確かにハリウッドスタイルの開発チームが増えていくかもしれません。しかし、これがゲーム開発者の望む仕事環境でしょうか?「利点は、自分の経歴を自由に導いていくことができることです。」とランダー氏は言います。「私の場合、自分にとって実際に関連性のある仕事を選んでいます。そうすれば終わりまで自分が燃え尽きてしまうようなくともなくなるでしょう。
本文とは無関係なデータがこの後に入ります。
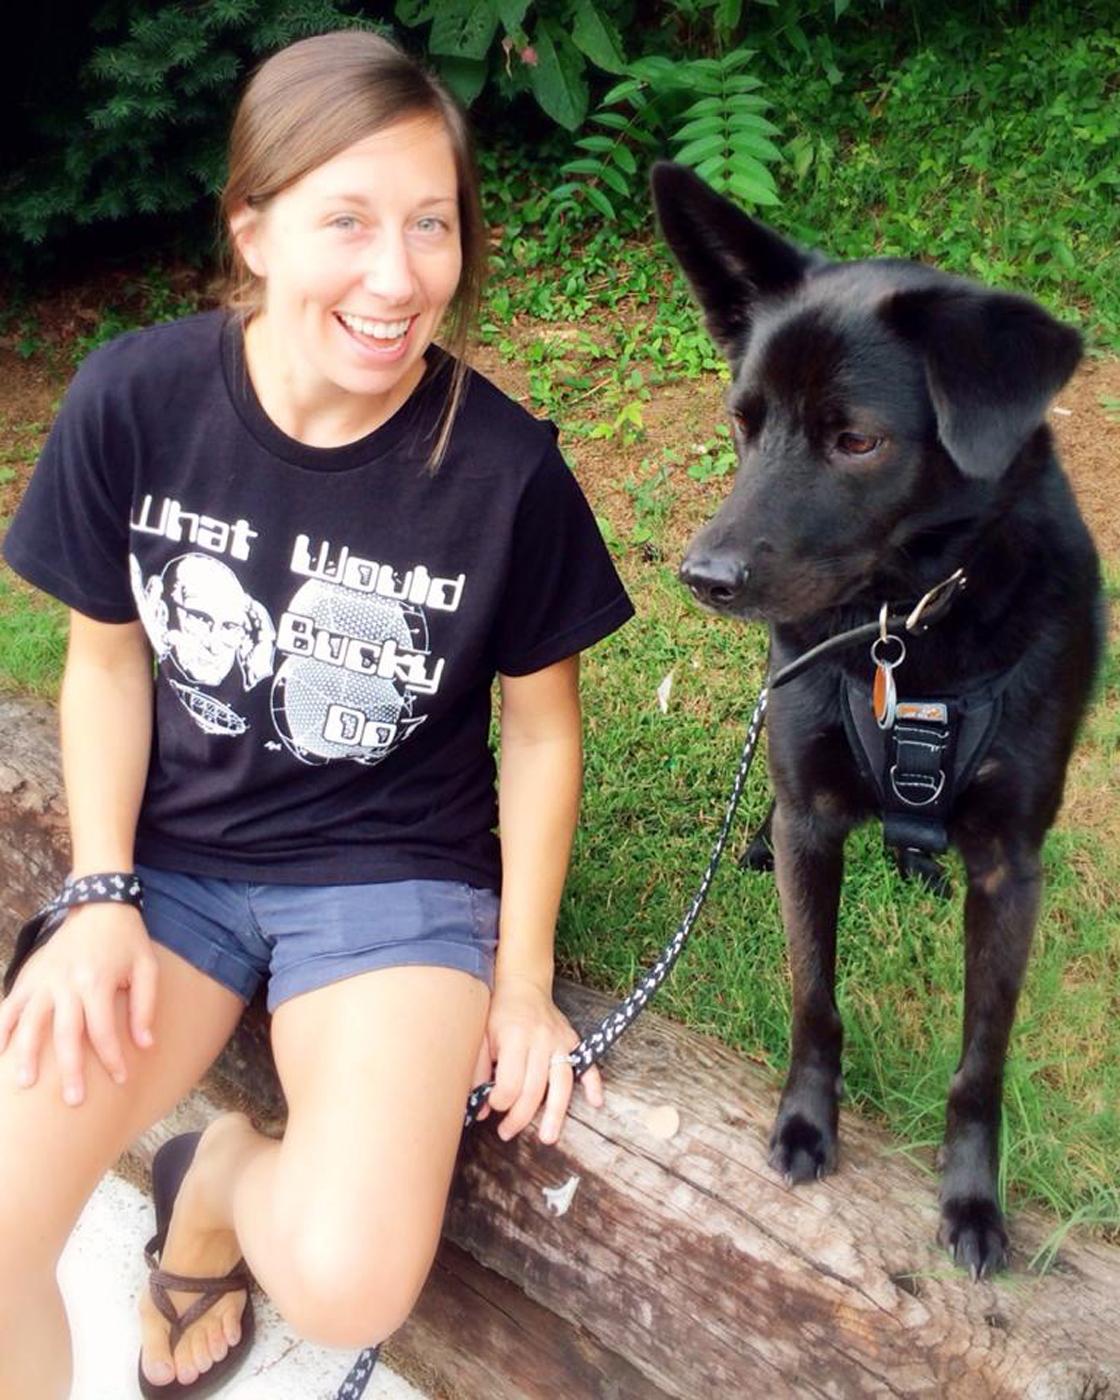 Danielle sporting her Buckminster Fuller t-shirt with our dog Buckminster Fuller Ramos.  A.K.A. Minster.

一方欠点は、その4〜12ヶ月の開発期間が来る度、忙しい日々が続くということです。ちょうど映画会社のように、今街では誰がどんな物を買っているのかを市場調査します。あなたもまた、大規模なゲームプロジェクトのまったく最初から最後まで付き合う羽目にはなりたくないでしょう。そのためにはインフラへの莫大な投資と、多くの人との長期間にわたる関係を持続させなくてはならなくなります。もっと現実的に言うと、何かパニックが起きた後になって、移植やトラブル対応の問題に巻き込まれるということです。さらに、ビジュアル化される前のコマーシャルや、ゲームに関係ない仕事までするはめになるのです。」
■ Film finance / フィルム・ファイナンス
恐らく、ハリウッドスタイルの生産構造をゲーム開発に取りいれるにあたってもっとも魅力的なのは、映画産業のような支払協定制度が採用される可能性があることでしょう。自己資金によるゲーム制作の実施例もありますが、ほとんどのタイトルはロイヤリティ制度によってまかなわれています。パブリッシャーは、取り決められた目標の達成度に基づき、開発スタジオへの資金提供に合意します。融資の程度は多くの場合、ゲームの売り上げから予想されるロイヤルティに依存します。このビジネスモデル故に、パブリッシャーへのデベロッパーの依存度が極めて高いのです。
そこで、映画産業スタイルの融資がデベロッパーにはある意味魅力的です。なぜなら、映画産業スタイルの融資は、柔軟性を提示し、創造の自由を約束するからです。市場状況にフレキシブルなパブリッシャーに束縛されることがなくなれば、ゲームスタジオはどんなゲームも願えば作り出すことができると思えるようになります。現実的には、パブリッシャーなしでは、その他の代替融資には手は届きません。 「お金はそこにあるのです。」American McGeeのクリエイティブ・ディレクター カーボン・シックス氏は説明します。「でも販売数の保証か、または担保がなければ、銀行はお金を貸してはくれません。小さい会社やチームにとっては、映画産業のスタイルなんて手の届かないものなのです。」
もっとも一般的に議論される変化は、映画ビジネスにおけるネガティブなピックアップ・ディール(回収契約)と、より広く知られているその付帯品「完成保証証券」と呼ばれるものです。オスカーのノミネート作品、例えば「リービング・ラスベガス」「ダンス・ウィズ・ウルブス」「イングリッシュ・ペイシェント」は、完成保証証券なくしては、完成されることはなかったでしょう。この制度に基づき、パブリッシャーは完成したゲームの配給を契約します。この契約を担保として、デベロッパーは会社や個人の投資家から開発資金を借りるのです。契約の条件に基づき、ゲームが完成し、実際に市場に出ることを保証するため、銀行あるいは投資家は、完成保証証券の発行を主張するのです。この契約は、プロジェクトが指定された期間内に完成され、そのコストが当初投資額を超えない場合なら誰にでも役立ちます。
ゲームスタジオにとっては、その利点はとても魅力的です。目標達成ごとではなく、開発費全てを前もって受け取ることで、大幅に開発プロセスを柔軟にすることもできます。より重要なのは、パブリッシャーが現在背負っているリスクを取り除くことで、完成保証証券による資金は、開発者が最終的にパブリッシャーからたくさんの、または高いロイヤリティレートを得る手段となるのです。